Object.toString, toHash, opCmp, opEquals
Quirin Schroll
qs.il.paperinik at gmail.com
Wed Jun 5 17:42:20 UTC 2024
On Friday, 26 April 2024 at 18:28:00 UTC, Per Nordlöw wrote:
> On Thursday, 25 April 2024 at 23:06:27 UTC, Walter Bright wrote:
>> The prototypes are:
>>
>> ```
>> string toString();
>> size_t toHash() @trusted nothrow;
>> int opCmp(Object o);
>> bool opEquals(Object o);
>> ```
>>
>> which long predated `const`. The trouble is, they should be:
>
> Shouldn't some or all of them be qualified as scope aswell?

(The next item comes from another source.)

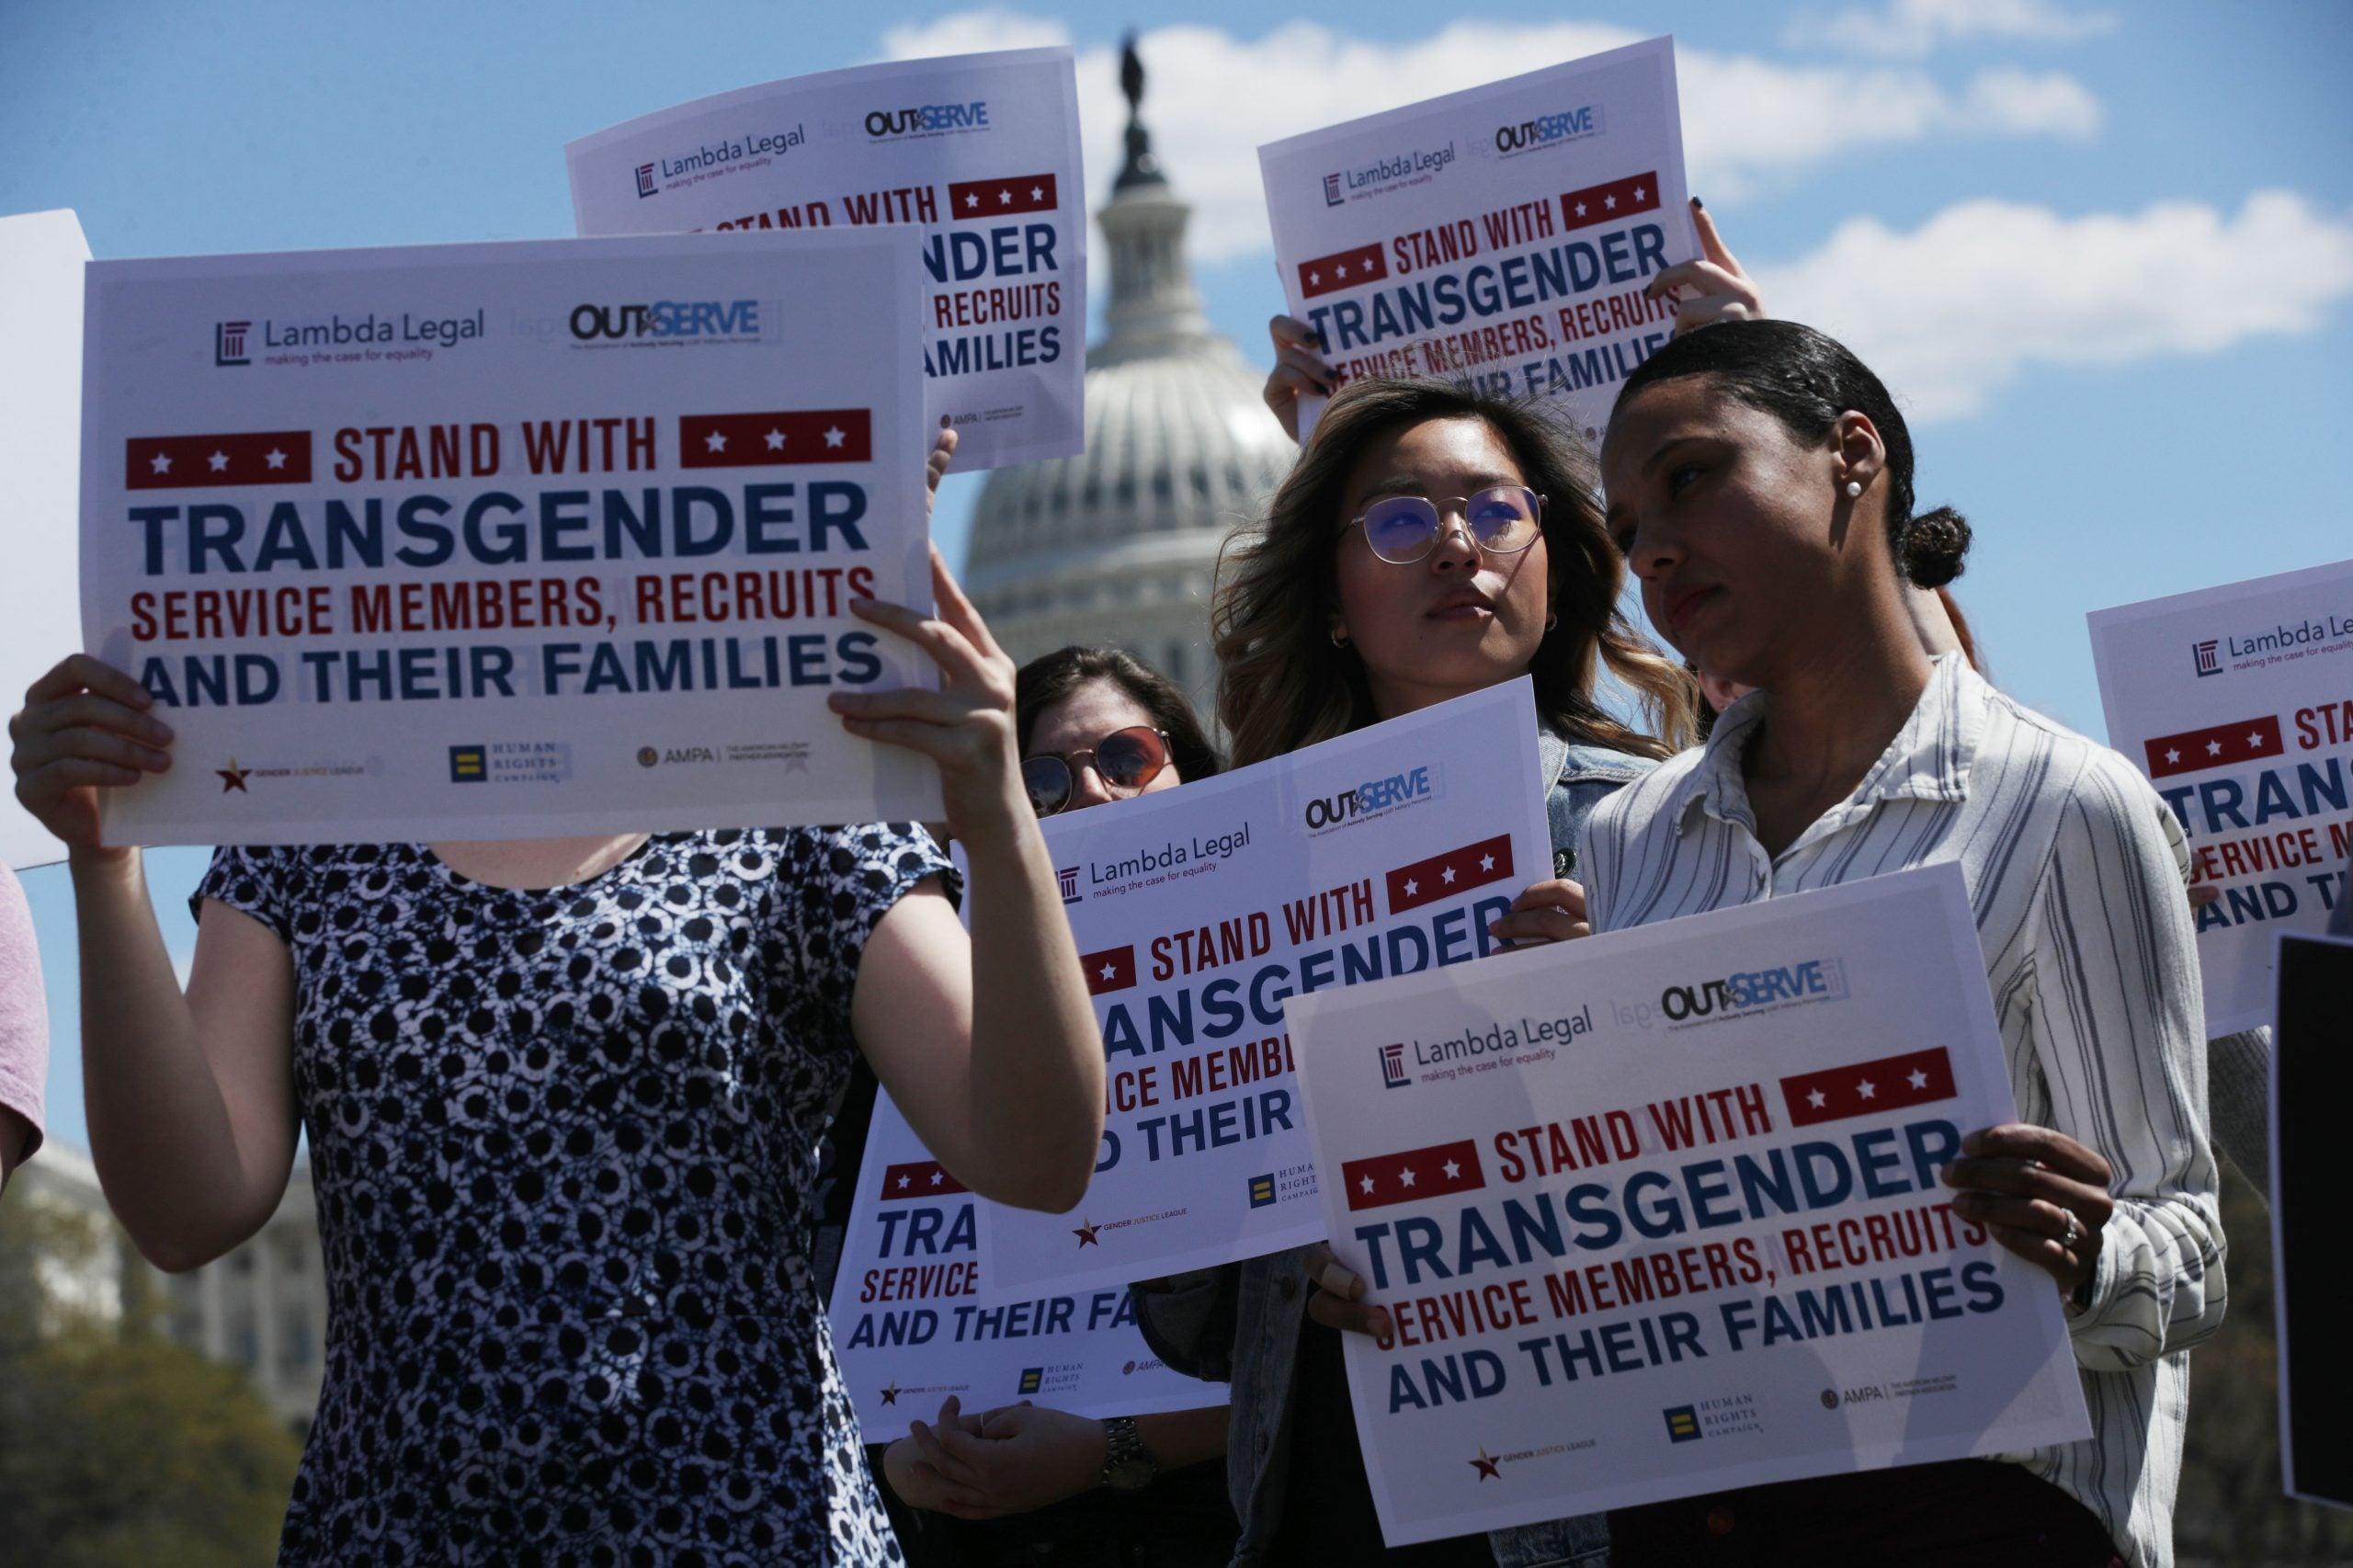 President Biden Lifts Ban on Transgender Military Members

Being cheeky, if a class doesn’t have the following, you must
explain yourself in code review:
```d
string toString() const scope pure nothrow;
size_t toHash() const scope pure nothrow @nogc;
int opCmp(const scope Object o) const scope pure nothrow @nogc;
bool opEquals(const scope Object o) const scope pure nothrow
@nogc;
```
IMO, this is an all-or-nothing game. Either expect everything
that’s reasonable or nothing. And the fact of the matter is, when
you ask, “why would it mutate?” you must also ask, “why would it:
keep a reference around, mutate global state, allocate memory
(except for `toString`), or throw exceptions?” because doing any
of those would be unorthodox.
However, I’m with Timon here, that those shouldn’t be forced onto
the user. Ideally, `Object` is empty (devoid of any functions)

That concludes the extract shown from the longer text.